§ Data supplied

* * *

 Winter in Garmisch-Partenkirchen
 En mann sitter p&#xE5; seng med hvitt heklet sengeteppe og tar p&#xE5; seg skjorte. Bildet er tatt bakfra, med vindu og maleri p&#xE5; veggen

* * *

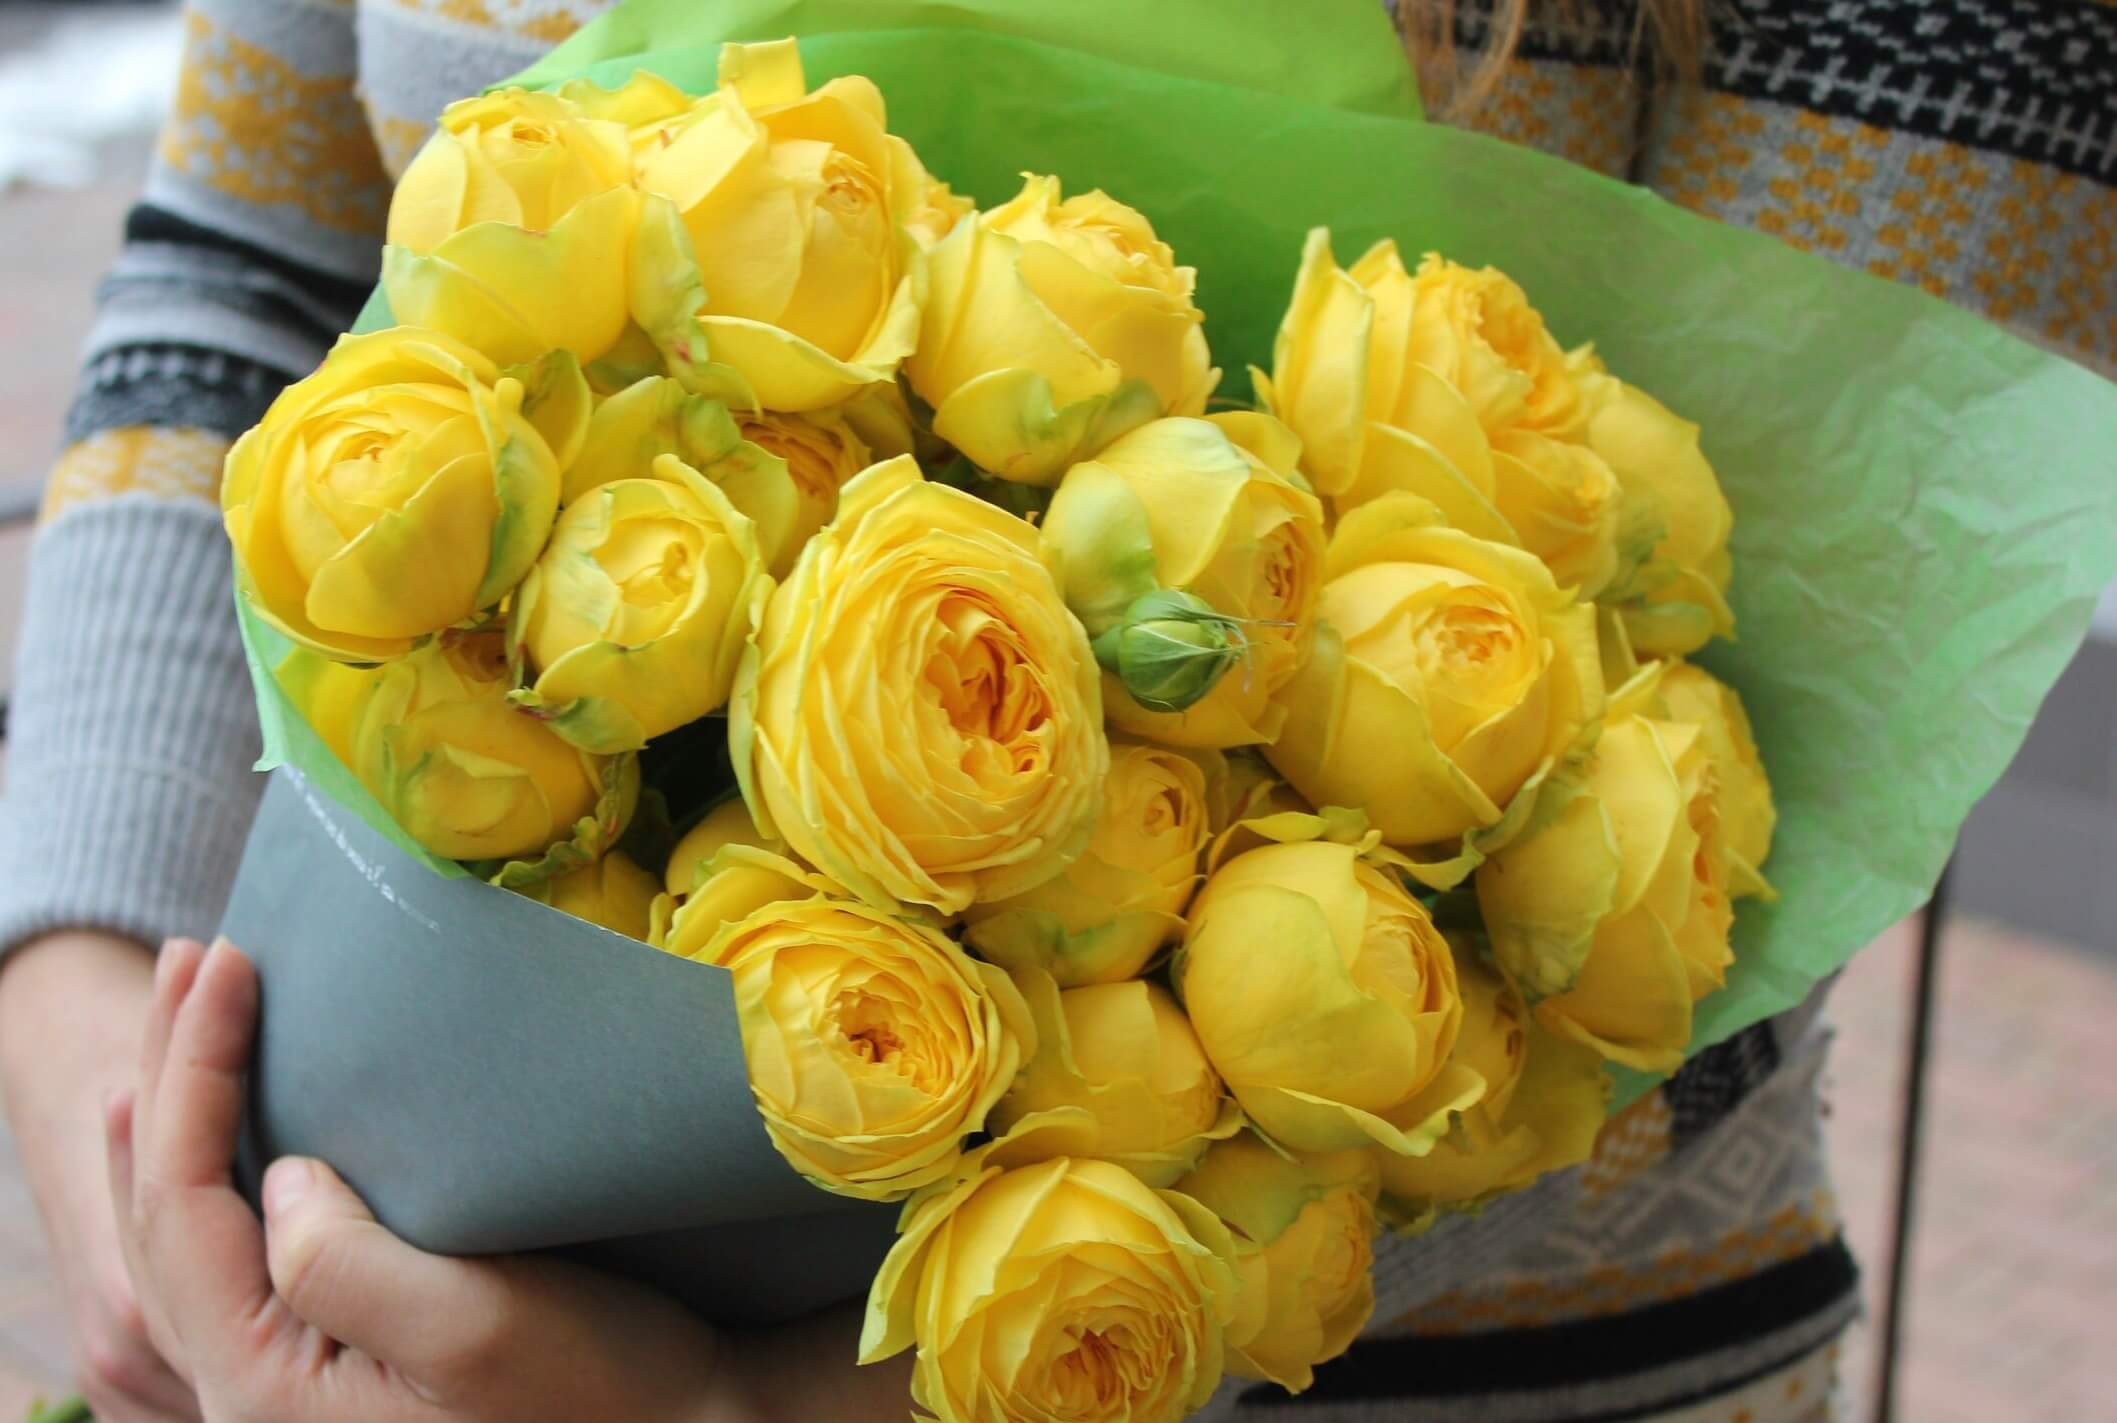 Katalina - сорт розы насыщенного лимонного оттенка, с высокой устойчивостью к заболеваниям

* * *

Take exactly the lines from the one containing "Winter in Garmisch-Partenkirchen" through the one containing "En mann sitter" in the data above, and output them with nothing added.

§ Answer section
 Winter in Garmisch-Partenkirchen
 En mann sitter p&#xE5; seng med hvitt heklet sengeteppe og tar p&#xE5; seg skjorte. Bildet er tatt bakfra, med vindu og maleri p&#xE5; veggen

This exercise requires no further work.